This document which is the latest document on SEN for parents and carers (2009) says:

quote:
The term ‘special educational needs’ has a legal definition. Children with special educational needs all have learning difficulties or disabilities that make it harder for them to learn than most children of the same age. These children may need extra or different help from that given to other children of the same age.

<snip>

Children with special educational needs may need extra help because of a range of needs, such as in thinking and understanding, physical or sensory difficulties, emotional and behavioural difficulties, or difficulties with speech and language or how they relate to and behave with other people.

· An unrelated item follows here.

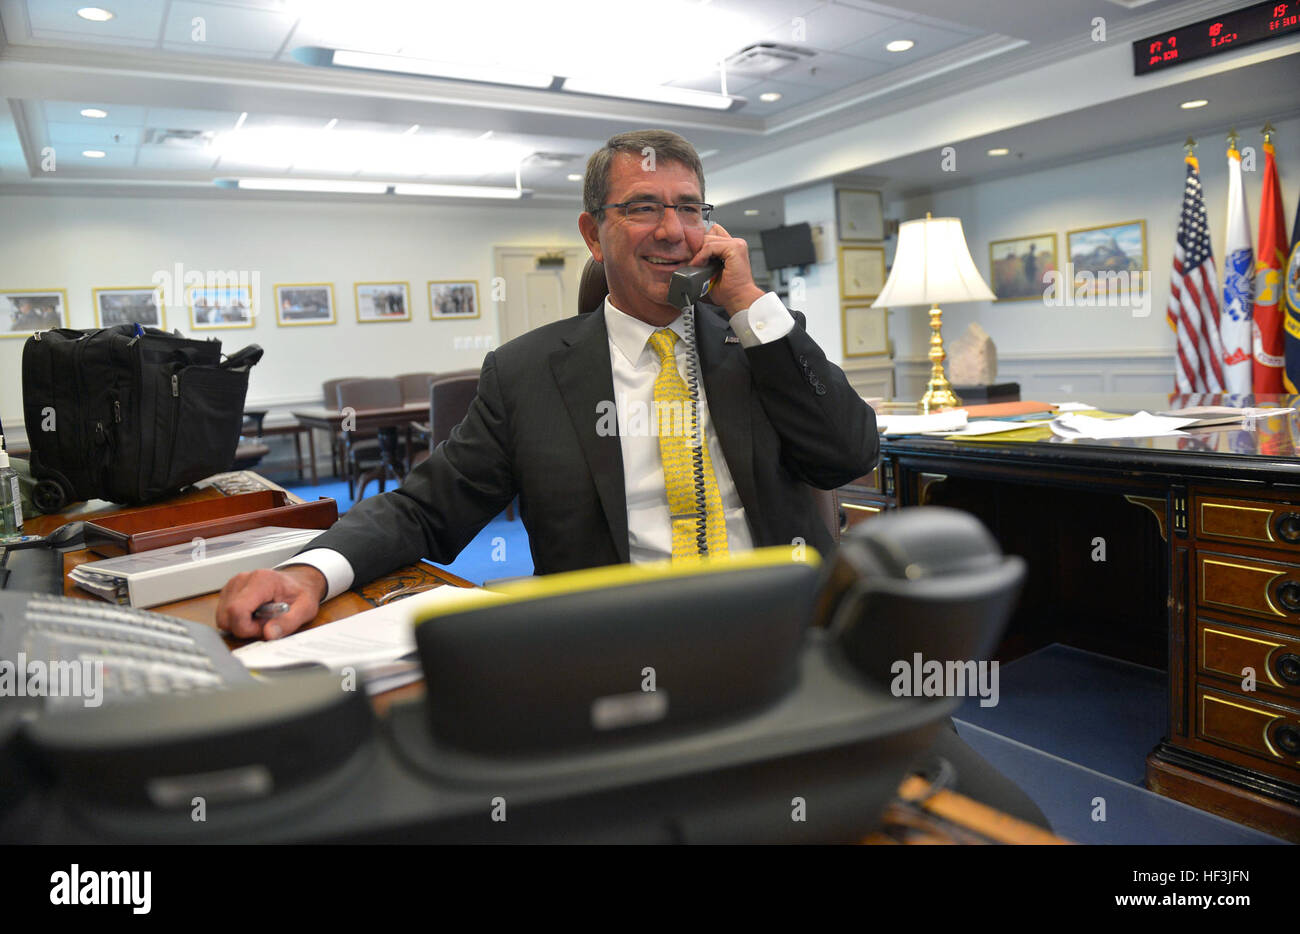 Secretary of Defense Ash Carter speaks by phone with Army 1st Lt. Shaye Haver and 1st Lt. Kristen Griest to congratulate the two for their recent graduation from the rigorous Army Ranger School from his office at the Pentagon, Aug. 20, 2015. Haver and Griest are the first women to successfully complete the course after the Army began allowing women to participate in the elite program. (DOD Photo by Glenn Fawcett/Released) Secretary of defense congratulates first women to graduate from US Army Ranger School 150820-D-NI589-054 Stock Photo
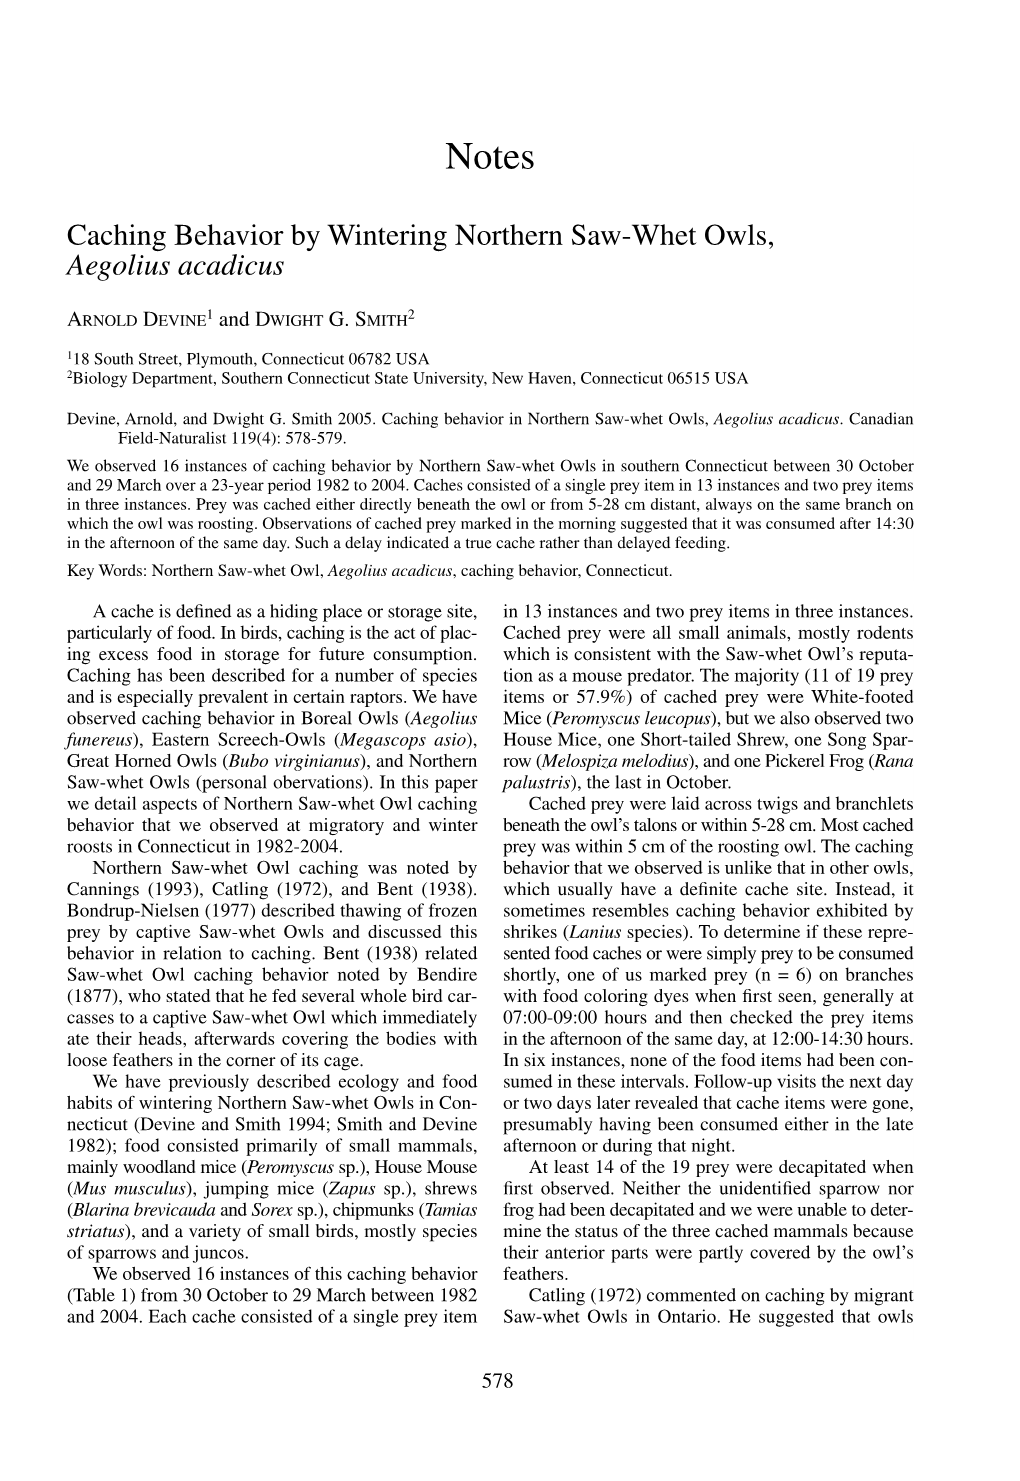 Caching Behavior by Wintering Northern Saw-Whet Owls, Aegolius Acadicus

Many children will have special educational needs of some kind at some time during their education. Schools and other organisations can help most children overcome the barriers their difficulties present quickly and easily. But a few children will need extra help for some or all of their time in school.

I suspect that oldandrew is not disputing the obvious physical needs as may be needing help, but the students with behavioural difficulties, who can and do disrupt classes in mainstream schools.
Yes, I realize all that. Nonetheless, we have spent considerable time on this thread with oldandrew presenting himself as an expert on this topic, and insisting with increasing vehemence that any discussion of visual or hearing impairments of any sort was "a red herring" on a discussion of SEN since SEN does not deal with "physical impairments"* under any circumstances. Your link would seem to put lie to that, and raise questions about oldandrew's overall credibility as a self-proclaimed expert on SEN.

*again, the distinction seems forced to me, along with the underlying implication that "some disabilities are more worthy than others".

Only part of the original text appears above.